The Predigerkirche (/de/, "Preachers' Church") is a Lutheran church in Erfurt, central Germany. It is a monastic church to the Dominican friary, Predigerkloster, adjacent to the church. The name of the Preachers' Church derives from the designation of the Dominicans as "Preacher Brothers" (Ordo fratrum Praedicatorum). The Predigerkirche was originally built by the Dominican Order in the 13th century, when the mystic Meister Eckhart was prior here. The original building was modified in 1340–50, and the bell tower was built between 1447 and 1488. The church became Protestant after the Reformation. Around 1806, the Predigerkirche was used as a prisoner-of-war camp, which led to damage to the interior and the equipment. Repairs were made around 1826.

== Location ==
The Predigerkirche is located in what is now the centre of Erfurt's old town on the banks of the Gera river.
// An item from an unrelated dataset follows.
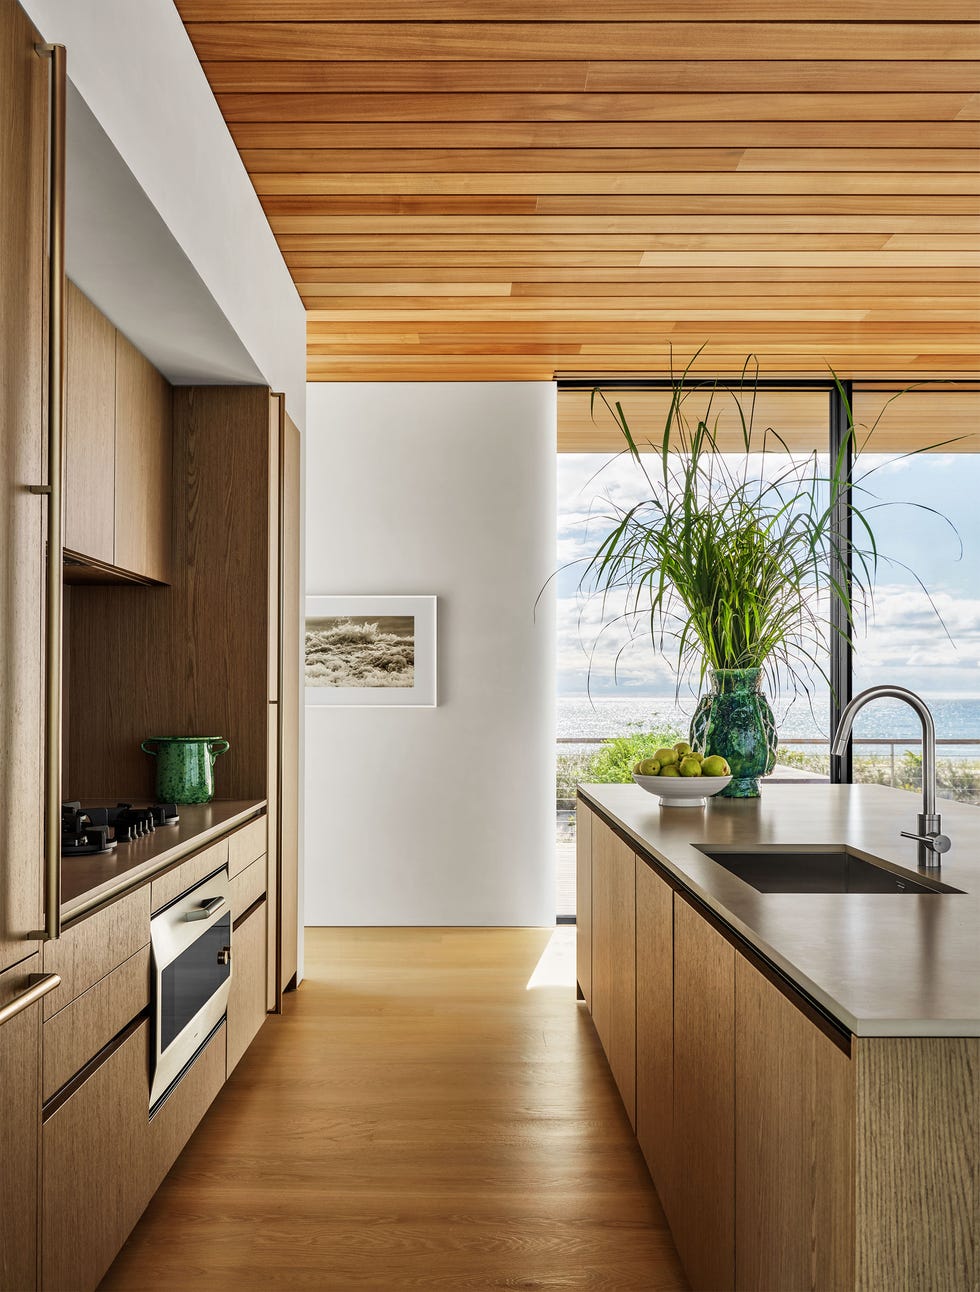 Kitchen with built-in stove and oven on wood counters and cabinets, kitchen island with sink and cabinets, wood floors, white walls with framed artwork, and glass walls with ocean views.

At the time of its construction in the early 13th century, the building site of the church was owned by the Vitzthum von Rustenberg, an archbishop's administrative official from the Eichsfeld region. The approval for the construction of the church by Archbishop Siegfried II of Mainz was for a plot of land that was close to the already existing Paulskirche in Erfurt.

==History==
The first record of Dominicans in the city of Erfurt dates from 1229. They were four highly educated friars from the Paris convent who chose the path to Erfurt to spread the new ideas of Dominicus de Guzman and to alleviate the social needs of the city's population. Until the provisional completion of their church, the friars preached in the public squares and churches of the city. The friars possessed rights guaranteed in writing by the Pope, which also allowed them to hear confessions, grant indulgences and bury the deceased – until then the services of the parish clergy, which were provided with income. The Dominicans thus acquired great influence among the city population and the nobility.

The first conventual buildings (Oratorium and Coenobium/Cenobium) were consecrated for the Dominicans by Archbishop Siegfried II of Mainz in 1230. The consecration of a first church by Bishop Engelhard of Naumburg dates from 1238.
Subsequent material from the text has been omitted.